Great photo - it says a lot about your training to get them pose all together and look happy!


----------



## MythicMut (May 22, 2015)

Really beautiful dogs and great photo.  !


----------



## Shepherd Mom (Aug 30, 2010)

Stunning dogs!!! Great job by the dogs and the photographer.


----------



## MacD (Feb 8, 2014)

Beautifully composed shot .. amazing to get the dogs in such a perfect pose. It would make a wonderful Holiday card if you're into that. It would also be excellent to send to some places that buy photos for calendars etc. I just want to go and pet them all.
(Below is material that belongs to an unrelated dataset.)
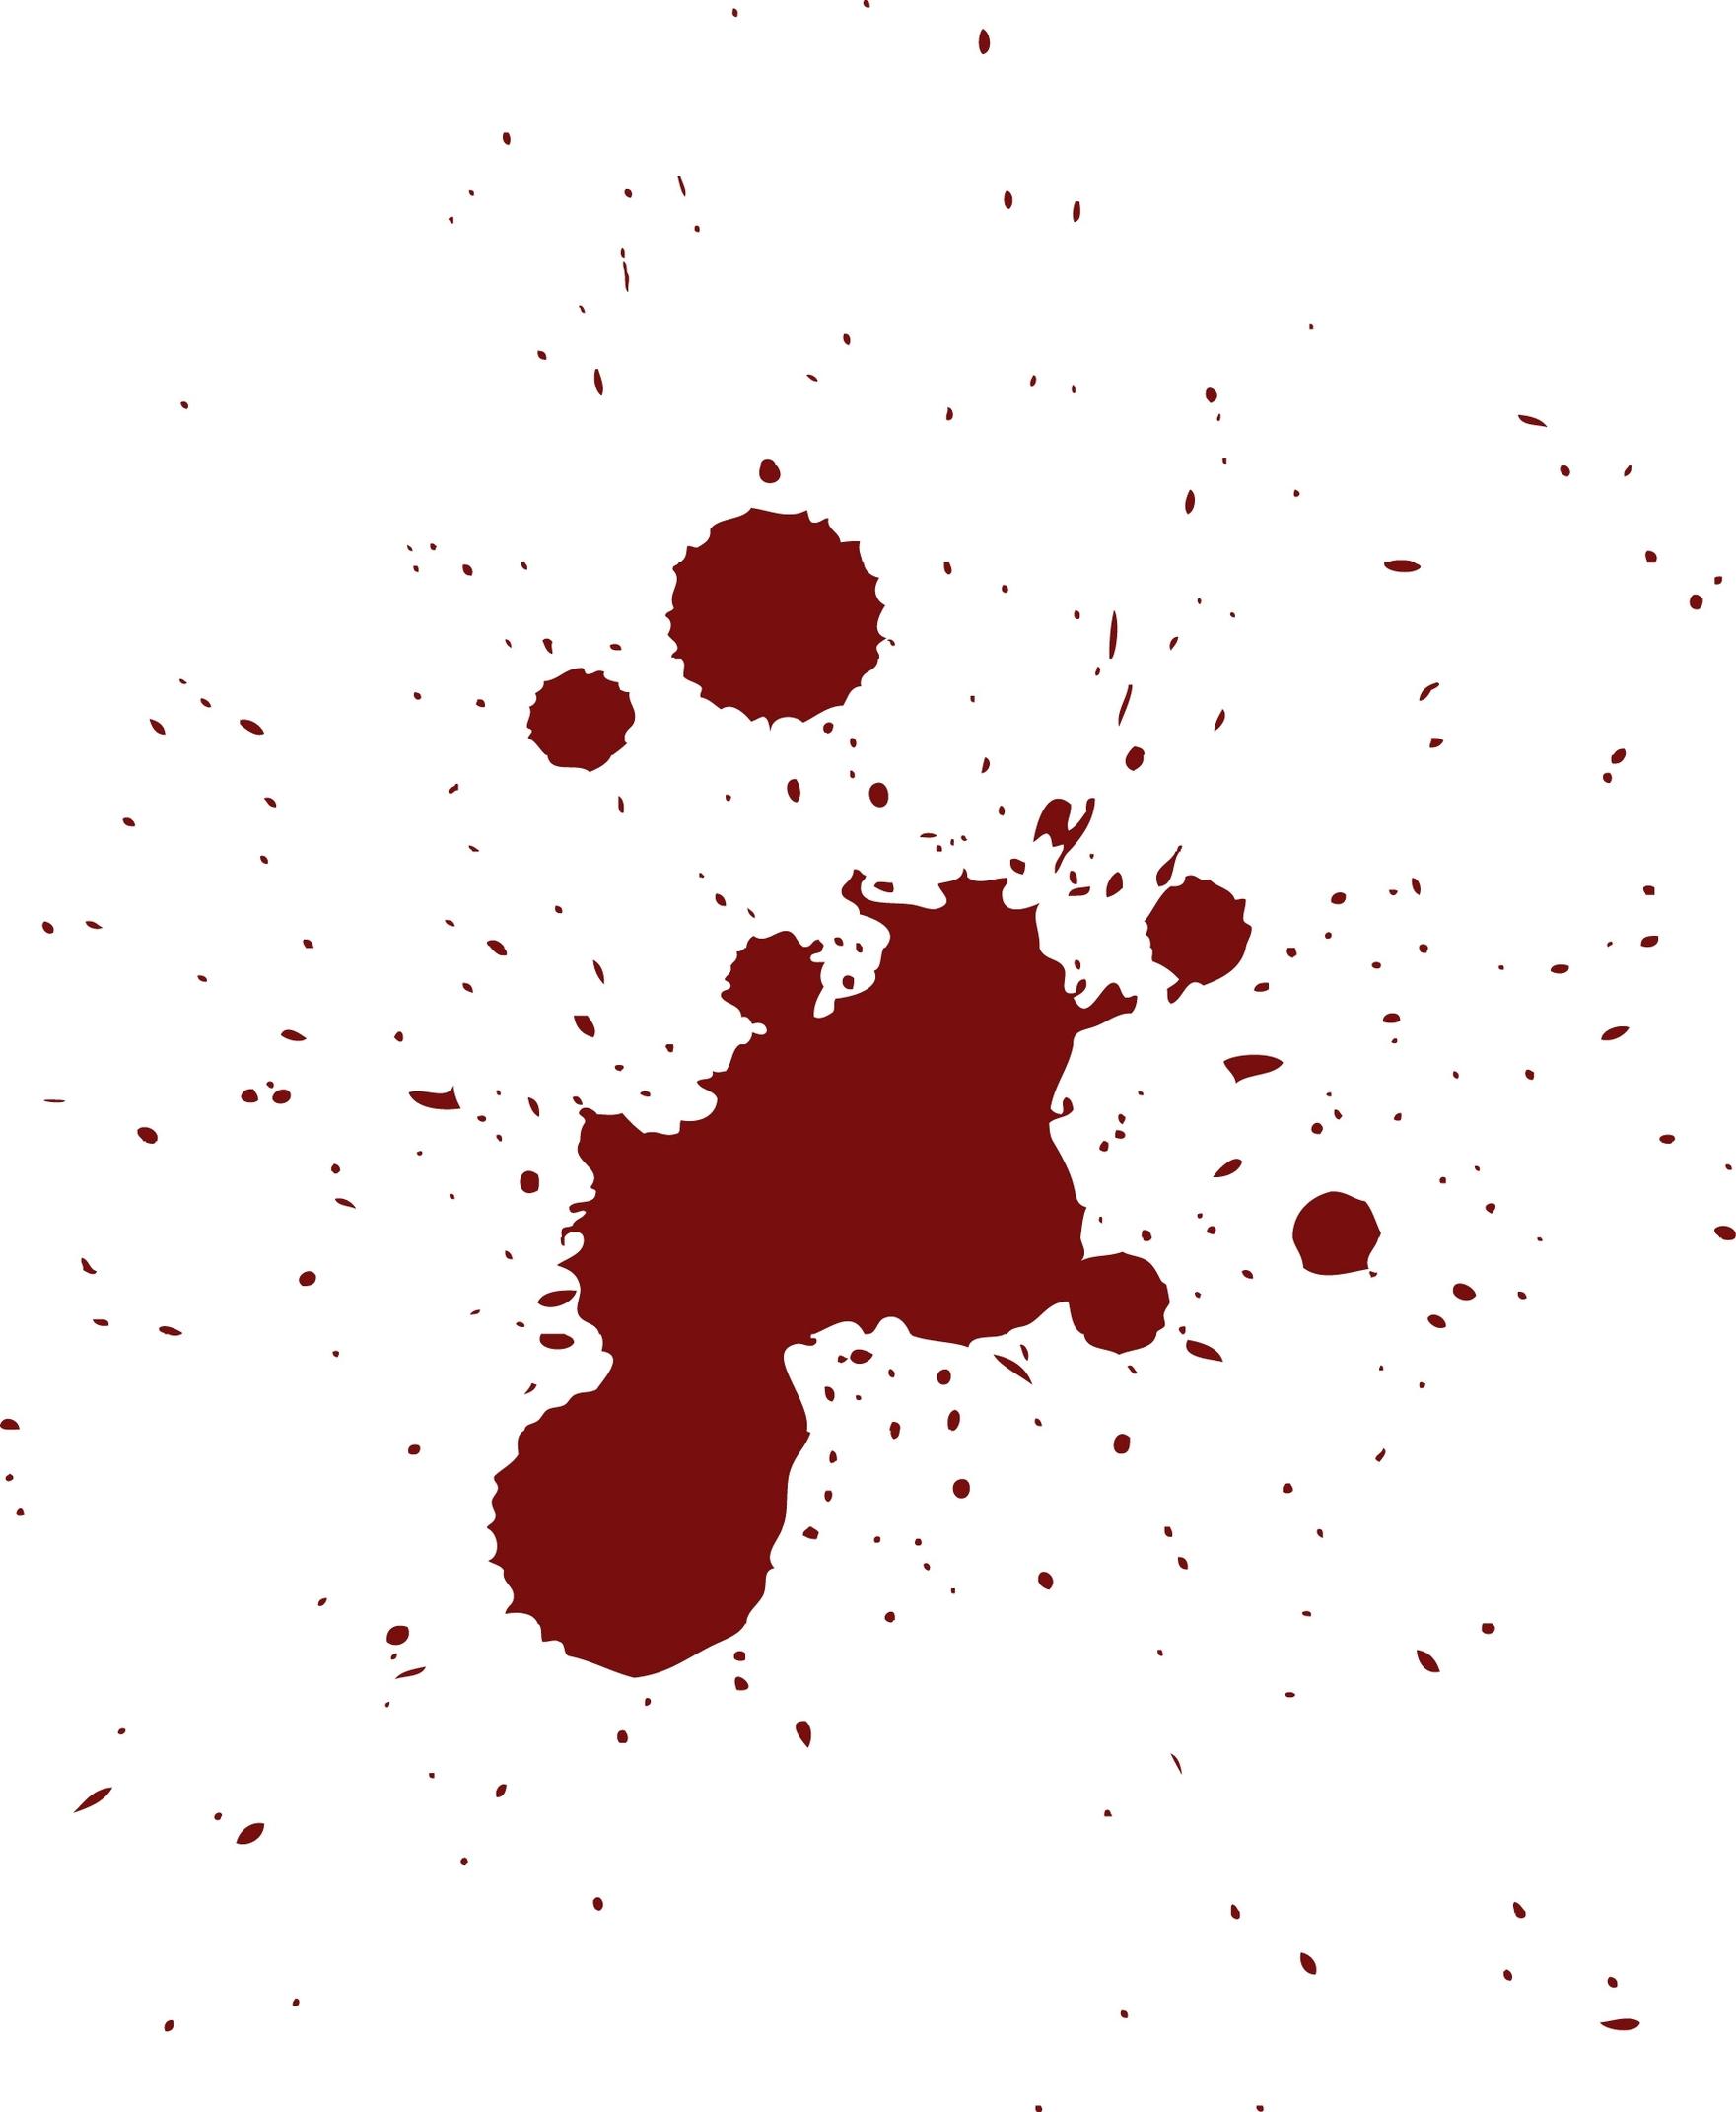 Blood Splatter Clipart & Blood Splatter Clip Art Images.

Excellent work by all.


----------



## Daisy&Lucky's Mom (Apr 24, 2011)

That is a beautiful picture.


----------



## Themusicmanswife (Jul 16, 2015)

That is so lovely


----------



## flashes23 (Nov 21, 2015)

the one in the middle is amazzzinnnggg


----------



## finndog (Nov 20, 2015)

Phenomenal!

I especially love the big guy in the middle. Like a bear!


----------



## yuriy (Dec 23, 2012)

Fantastic! Love this shot.


----------



## FearlessFreya (Sep 6, 2015)

Awesome family portrait!


----------



## Tahm Kench (Nov 19, 2015)

Very nice! Do you get them all to just lie down and make them stay for the shot?


----------



## Nate74 (Oct 1, 2015)

Beautiful photo of some great looking Dogs.


----------



## LuckyMe2G (Nov 19, 2015)

Beautiful! :wub:


----------



## JMJ (Nov 18, 2015)

This is just gorgeous


----------



## Rangers_mom (May 16, 2013)

Beautiful picture. I have to admit my stupidity and say that I saw the "Max & Molly" and thought, "huh, but there are three dogs. Wonder why they didn't put the other dog's name on the card."

Okay, I am a little slow.


----------



## mardad (Oct 23, 2015)

Beautiful dogs!!!! Great picture!


----------



## Saphire (Apr 1, 2005)

Gorgeous!!


----------



## Jameson23 (Oct 27, 2015)

Awesome Picture !


----------



## Michelle F (Dec 1, 2015)

Great picture!!


----------



## LuvShepherds (May 27, 2012)

That is a beautiful picture. I'm envious. I can't get mine to pose like that long enough to snap a picture. They are too interested in each other to face the camera and smile.


----------